SPECIAL ECONOMIC ZONE 19


Land acquisition for Special Economic Zones (SEZ) has given rise to widespread protest in
various parts of the country. Large tracts of land are being acquired across the country for this
purpose. Already, questions have been raised on two counts. One is the loss of revenue in the
form of taxes and the other is the effect on agricultural production. In both these debates there
is no understanding that land is a livelihood resource. Whether it is multi-cropped or single
cropped, whether it is fertile or infertile, it is the source of livelihood for the farmer and also
for other rural inhabitants whose livelihood depends directly or indirectly on land. The very
notion of a SEZ requires a single huge block of land, and therefore it is impossible to avoid
acquiring productive land if SEZs are to be established at all. Thus, the notion of an SEZ,
irrespective of whether it is established in multi-cropped land or not, is an assault on a major
livelihood resource. The SEZ Act permits the government to exempt the units set up therein
from various laws and there is a promise that such exemption will be given in the matter of
labour laws.

LABOUR, UNEMPLOYMENT, AND WAGES

19
Bid
If landlessness has always been the focus of much social unrest among the rural poor,
unemployment and insecurity of livelihood is a growing source of dissatisfaction and anger
among youth, both in urban and rural areas. While the relatively rapid growth of the Indian
economy in recent years has been a cause of celebration, the employment scene gives little to
cheer about. The overall shape of the economy has been characterized by three related facts:
the share of agriculture and allied activities, mining and quarrying in the GDP has dropped
steadily over the years, from 59% in 1950-51 to 28% in 1999-2000 and about 18% now. The
share of manufacturing grew from 13% in 1950-51 to 24% in 1990-1991, but has remained
stagnant thereafter, the difference being filled by the steadily expanding tertiary sector.
However the share of agriculture in the workforce has declined only from 72% in 1970 to
62% in 1999-2000 and about 58% now. This disparity between the rapidly falling share of
agriculture in the GDP and the much slower decline of its share in employment means that a
progressively greater share of workers are concentrated in a segment that produces
progressively less and
less of the society‘s income. But distress in the agricultural sector is not merely relative, it is
absolute. Minimum wages for agricultural work are not implemented except where the labour
market is itself favorable to the workers, such as in double or triple cropped areas. Moreover,
among workers in the rural sector the majorities are self-employed (including small farmers)
and not wage workers. For the self-employed the Minimum Wages Act has no application
and their standard of living is determined by the slow growth of productivity in the rural sector.

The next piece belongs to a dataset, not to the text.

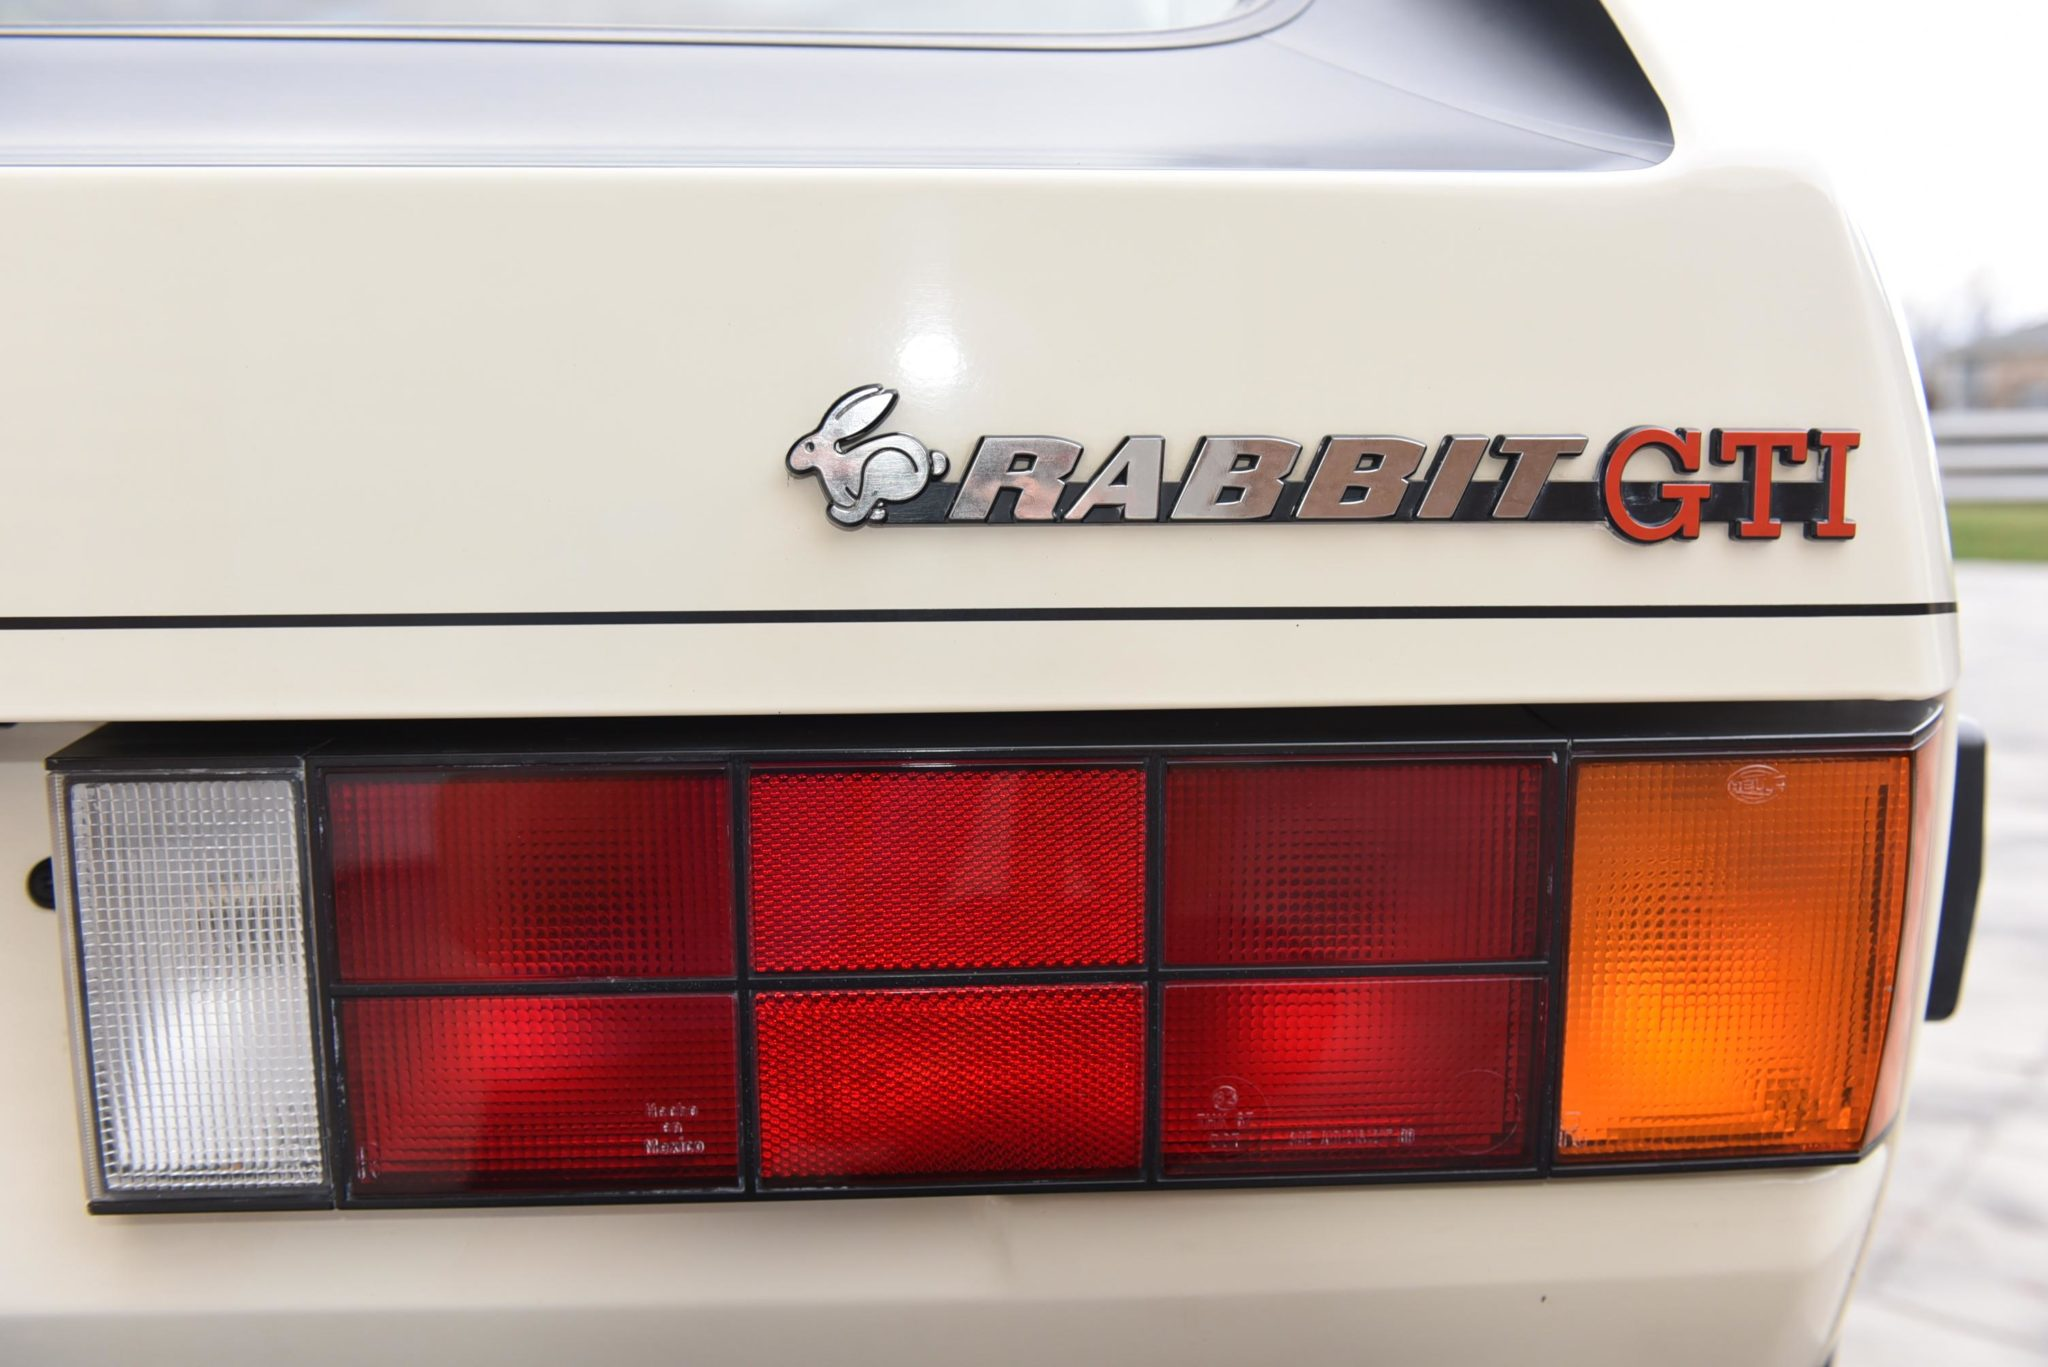 1983_volkswagen_rabbit_gti_1587038741114e7b9c27f8dLEM_9921-scaled

DISPLACEMENT AND REHABILITATION


Displacement, which is, in fact, enforced eviction of people from their lands and natural
habitats, has for long been a serious problem. Displacement takes place on account of
development projects such as large irrigation projects, industrial and mining projects, power
plants, declaration of sanctuaries and national parks, setting up of field firing and testing
ranges and a myriad other activities of the State itself. Displacement is a multi-dimensional
trauma, with far reaching impacts, which cannot easily be compensated. The displacement
caused by large projects can be physical, occupational and even cultural. Unless the nature
and magnitude of displacement in all its dimensions are fully analysed and appropriate safety
nets put in place, well in advance of the implementation of the project itself, it will lead to
discontent. The track record of the Government in this regard has so far been dismal and
those likely to be displaced are rightly apprehensive about their future. It is important,
therefore, that in the case of all major projects, including SEZs, socioeconomic impact
appraisals are carried out by independent expert institutions so that, before the project is
implemented, effective steps are taken to upgrade the skills of the members of the families
likely to be affected, so as to ensure that they are in a position to take full advantage of the
livelihood opportunities provided by the project. Such a step will minimize the trauma of
displacement.20
As tribal areas are also rich in mineral resources, the mining projects proposed such as in
Orissa, Jharkhand and Chhattisgarh threaten the very existence of tribal people. Protest action
becomes an inevitable consequence of displacement, such as in Kalinganagar and in Kashipur
people‘s movement against Utkal Alumina Rayagada district, Orissa. Apart from the physical
and occupational displacement caused by large projects, in the case of the Fifth Schedule
areas, unless the tribals are resettled in the same scheduled tract, they will face deprivation of
the special rights that have accrued to them by virtue of the schedule. For example, the tribals
in the scheduled areas enjoy presumptive right of ownership of the land and minerals (Refer
SC judgment in CA Nos. 4601-02 of 1997 on SLP Nos. 17080-81 in Samata vs State of
Andhra Pradesh and others)21. Also, the Fifth Schedule requires the Government to review
any law before it can be extended to the notified areas, so as to ensure that such a law is
appropriately adapted to safeguard the interests of the tribals. In view of this, as far as the
notified areas are concerned, projects that cause displacement need to be avoided. Even if the
setting up of a project becomes inevitable strictly on the ground of public interest, as laid
down by the Hon‘ble Supreme Court in the Samata judgment, it should be on the basis of the
prior consent given by the Gram Sabhas and through involvement of the tribals as owners of
the projects. The Government should evolve suitable mechanisms to ensure this.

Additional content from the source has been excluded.